DVDanger: 'The Lords of Salem'

Or, in defense of Rob Zombie as a filmmaker

Who said maternity care was great in Massachusetts? Rob Zombie's The Lords of Salem

I have a serious question: What is it about the fact that Rob Zombie makes horror movies that drives so many people crazy?

Case in point: This week's DVD release of The Lords of Salem. I feel like I have to defend the fact that I like it. Not that I have to put up a defense of the film – that's not my job, that's why Anchor Bay has a PR office – but that I have to explain why I think Zombie should be allowed to make films.

Lords is, like everything Zombie has done, a creative throwback. From his time as head maniac in psycho-sleaze rockers White Zombie and de/refiningtheir retro-rock aesthetic, to his music videos referencing The Cabinet of Dr. Caligari and A Clockwork Orange, through his five live action films (all steeped in vintage cinema lore and gore), and even his Ralph Bakshi animated homage El Superbeasto. At every step of his career, Zombie has shown the roots of his EC-meets-Giallo aesthetic.

And his latest movie does the same. In it his wive/muse Sheri Moon Zombie plays Salem, Mass.-based DJ Heidi, who becomes the subject of an occult conspiracy that began with a curse during the infamous witch trials. Or she's an potentially unreformed junkie whose bad old habits may be wreaking havoc on her sense of reality.

Indie horror is a well spring of creativity and, for me, Zombie is one of its current innovators and unrepentant visionaries: Yet he gets pummeled like no other. If Adam Green pulls together a million dollar budget flick, there's a contingent of film fans that will call it a miracle. And it is, and I like Adam's films a lot, and I am always glad when he's got something new to announce (yes, that means go read my review of Hatchet III.) But, for some bizarre reason, when Zombie does the same thing, suddenly he's the new Uwe Bohl.

OK, so we all know the real reason. He dared to mess with one of the patron saints of horror. He remade Halloween, and then did a sequel.

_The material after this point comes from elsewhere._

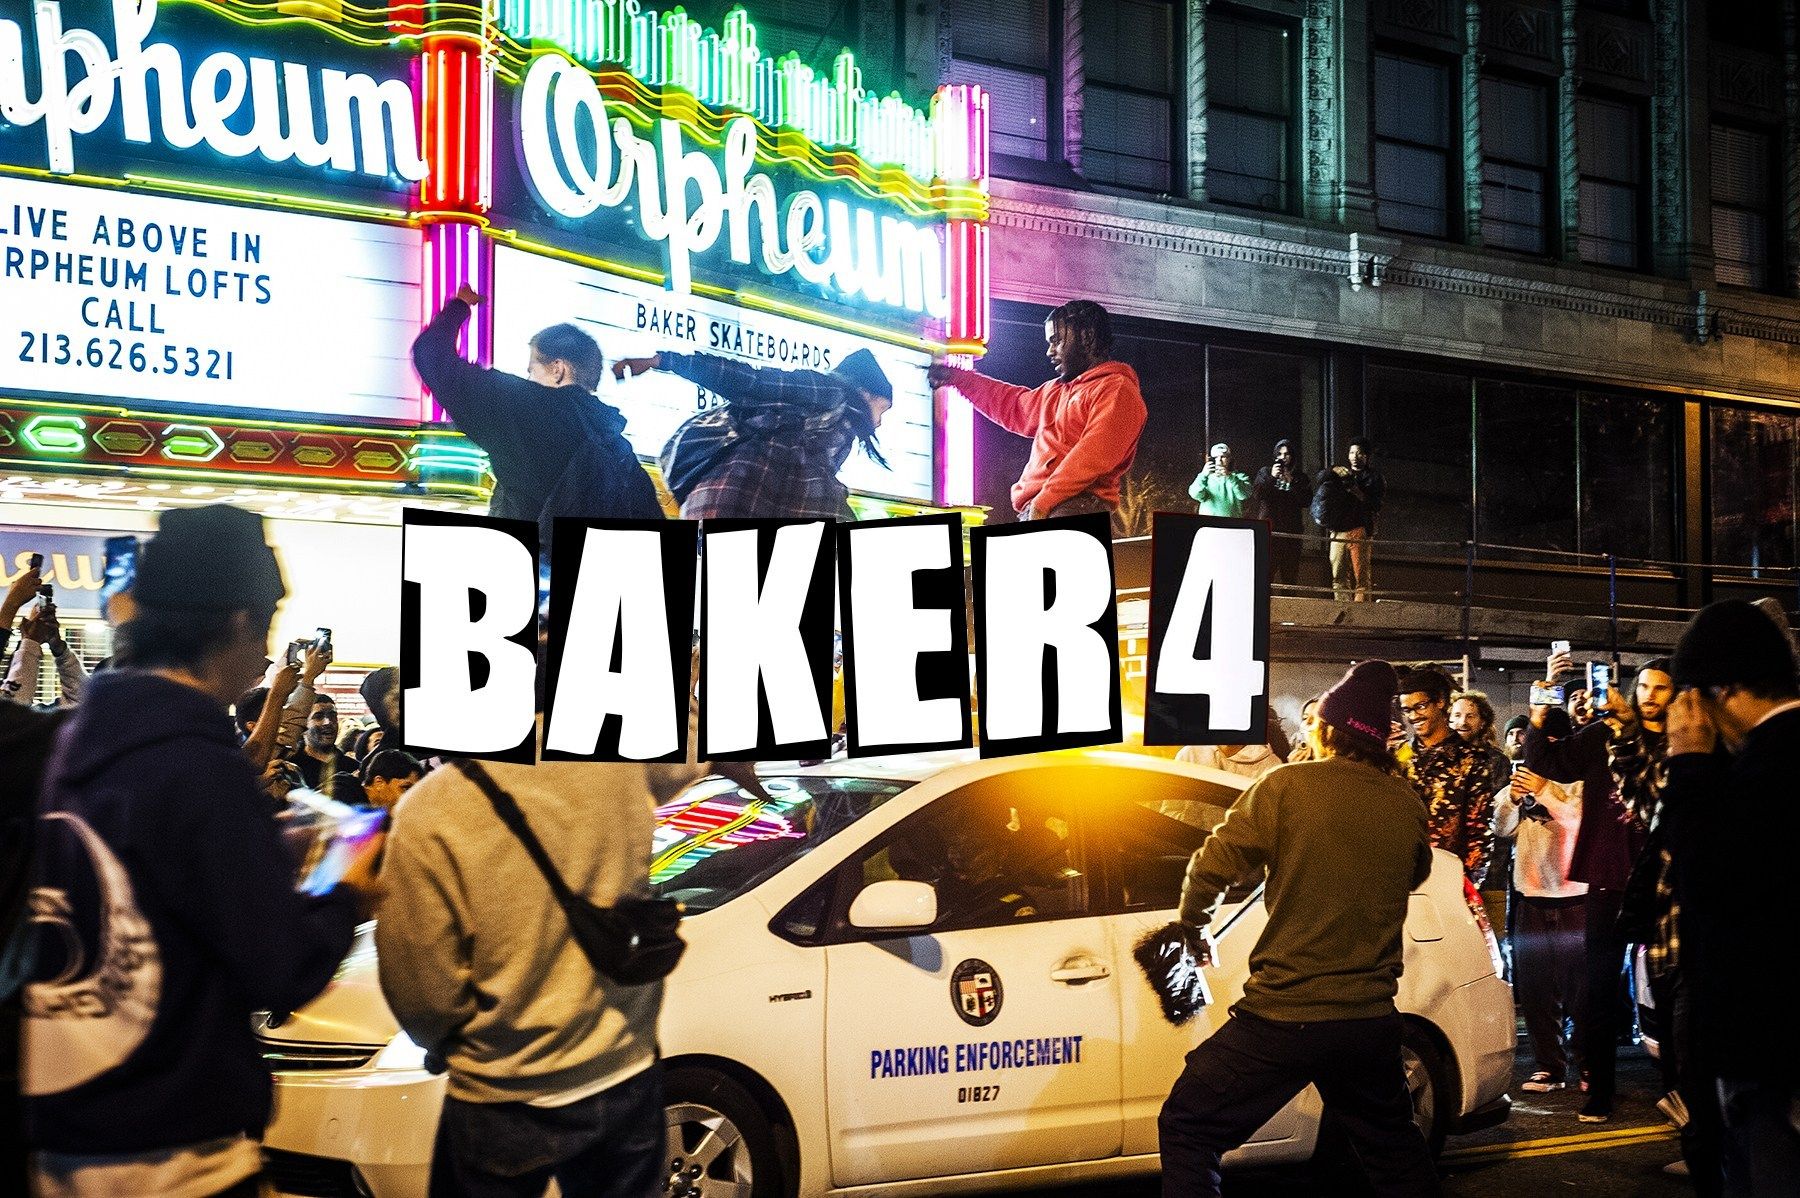 Baker 4 Premiere Photo Recap

Where the Zombie hatred started: His 2007 Halloween remake

To which I say, oh, please.

One, few franchises have been more mutilated within their own continuity than the further adventures of Michael Myers. The middle arc of the franchise was actually completely ret-conned out of existence by the execrable Halloween H20: 20 Years Later, so lets spread the hate a little more evenly.

Two, Zombie actually had a new idea for the film. The original just goes, "OK, Michael is evil, let's roll with the mayhem." Zombie dares to ask why. That's not the only question he asks. What happened to his parents when they found their kid was a psychopathic killer? How did it affect the family? Where does a movie slasher go when they're not tearing up the neighborhood? Won't their trademark garb get all muddy from hiding in the woods? Love it or hate it, it was at minimum ingenious.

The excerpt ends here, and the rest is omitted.